During the occupation, the city had a Ukrainian nationalist underground. In regard to the OUN, Kremenchug was a significant centre within the region because it was an important spot to head towards southern Ukraine and the Donbas, and so had at least several dozen people in its cells. Among its more notable members was Mykhailo Shchepandsky, who was editor of the Dnipro Wave, which initially printed German propaganda, criticism of earlier repressions by the Soviets such as the Holodomor, and heavily promoted the Ukrainian independence movement. The OUN was particularly active at the local history museum in 1941, showing exhibitions that also promoted a Ukrainian revival. They also organised a Prosvita society, which had over 100 members by the time the Germans and OUN started falling out, and a Ukrainian-language reading room and library. The city theatre also started running Ukrainian plays. However, the OUN cell still, at the same time in 1941, worked in ransoming prisoners of war out of the camps, mostly Ukrainians, which they did by showing the Germans forged paperwork via workers who worked in the German rear-area headquarters, although some would be killed for this.
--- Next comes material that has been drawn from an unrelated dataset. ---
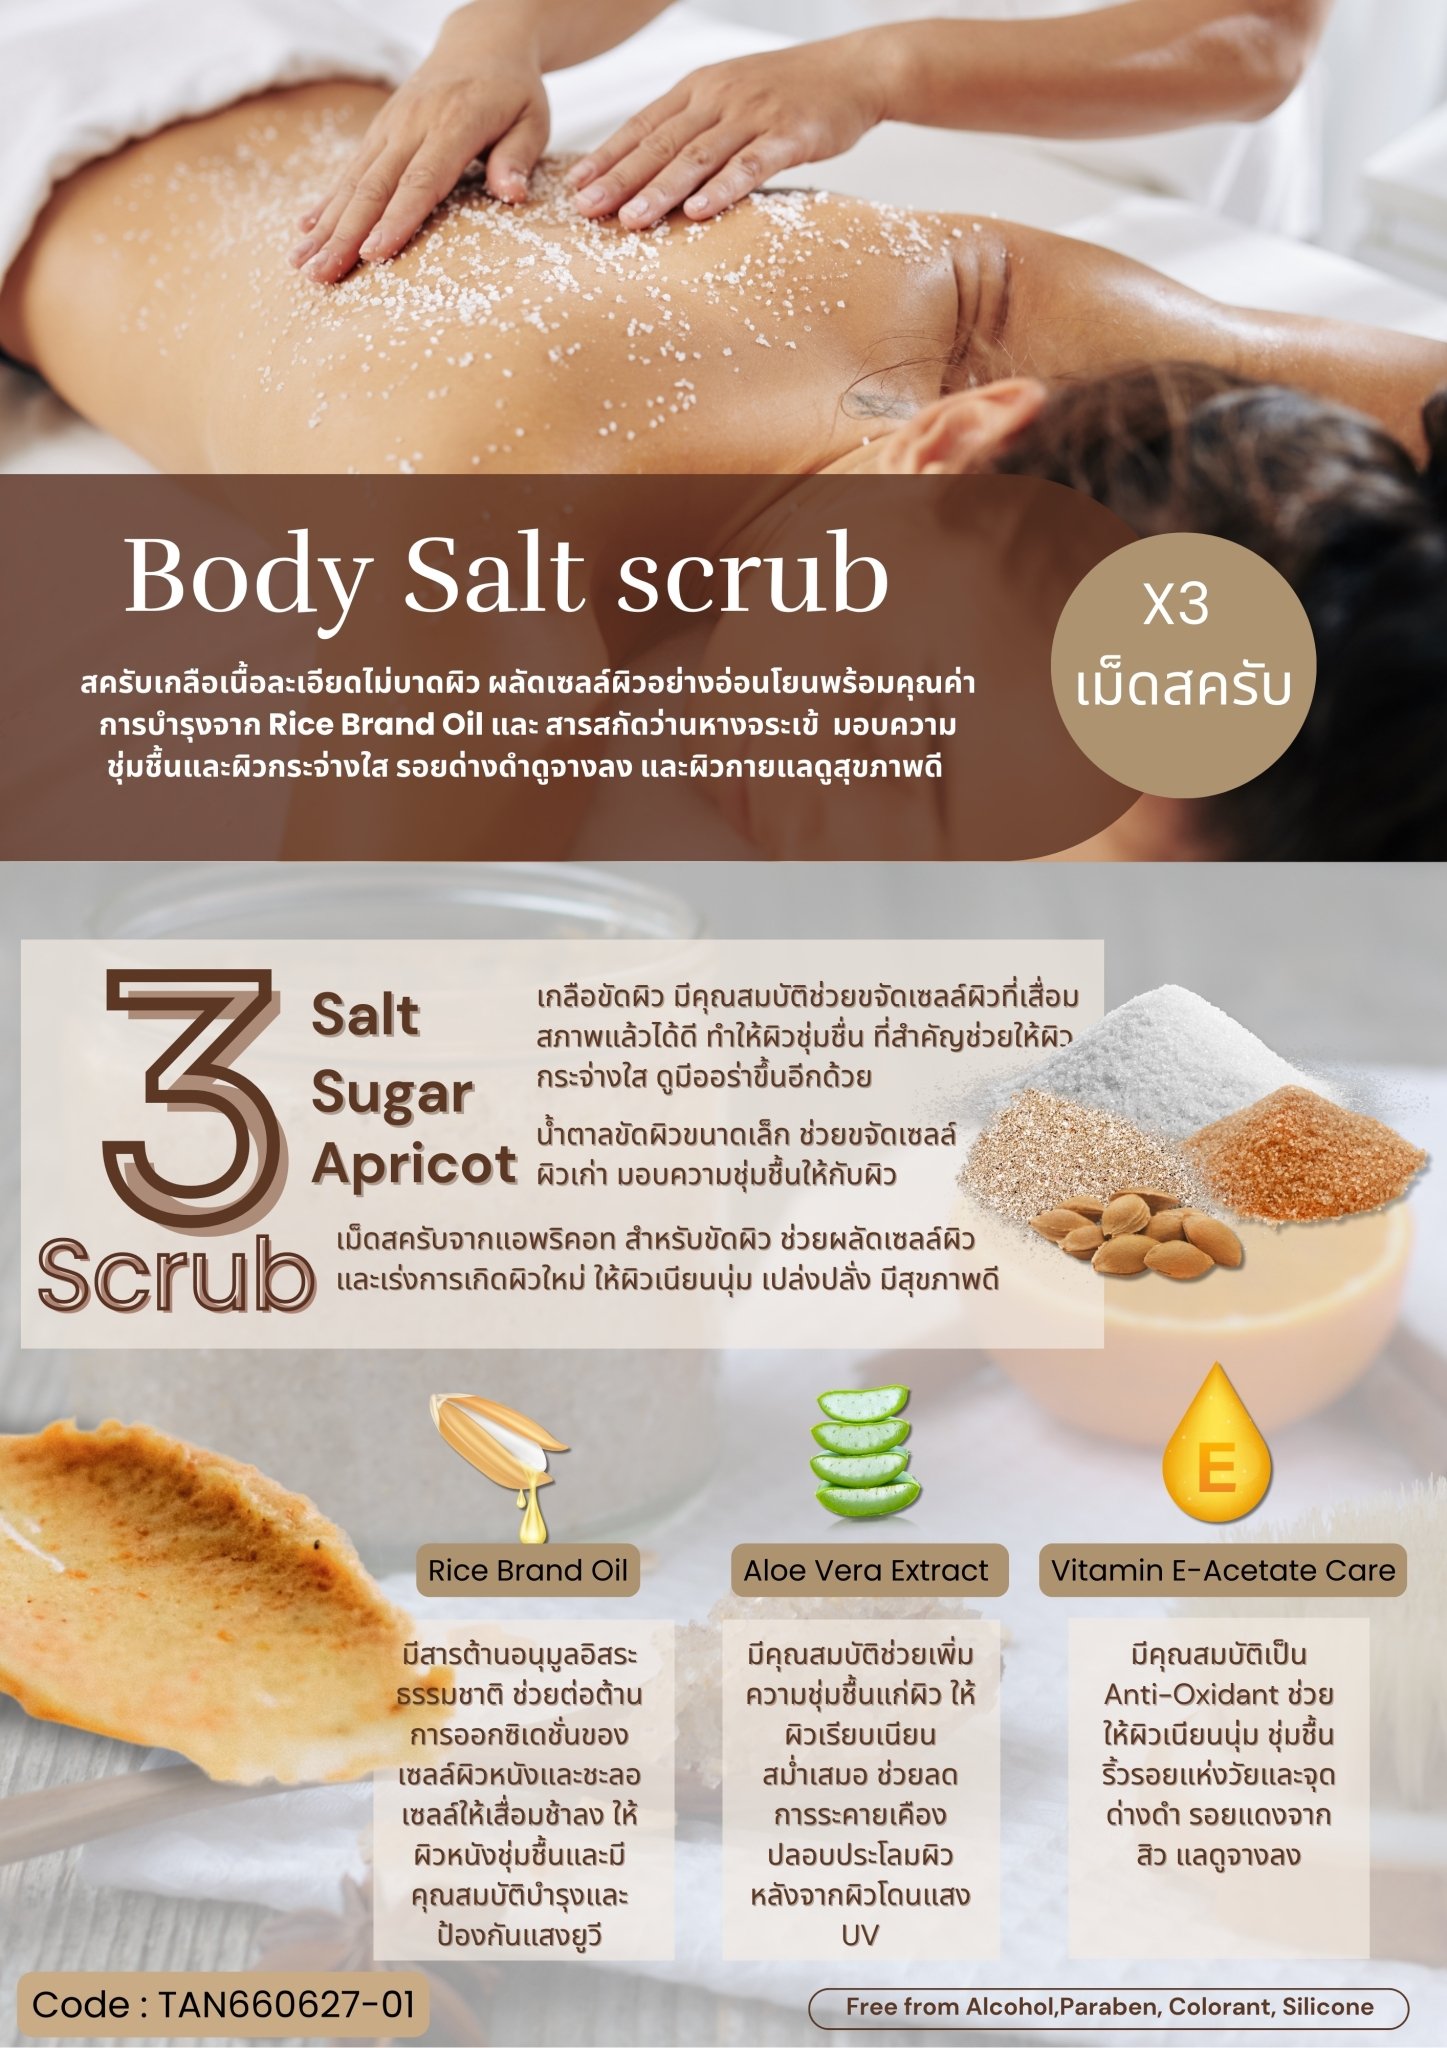 Body Salt scrub

Thus, this relationship between the Germans and the OUN did not last long, as by the winter of 1942, a SS-Sonderkommando of the Sicherheitsdienst known as Karl Julius Plath arrived in the city and ordered the Germans and the 213th Security Division to arrest Ukrainian nationalists. They first began by seizing OUN carriers, and then captured participants and shot them. They soon after arrested the museum staff and Ukrainian-language interpreters, although leaflets calling for Ukrainian independence and denouncing the Germans also appeared throughout the rest of the German occupation.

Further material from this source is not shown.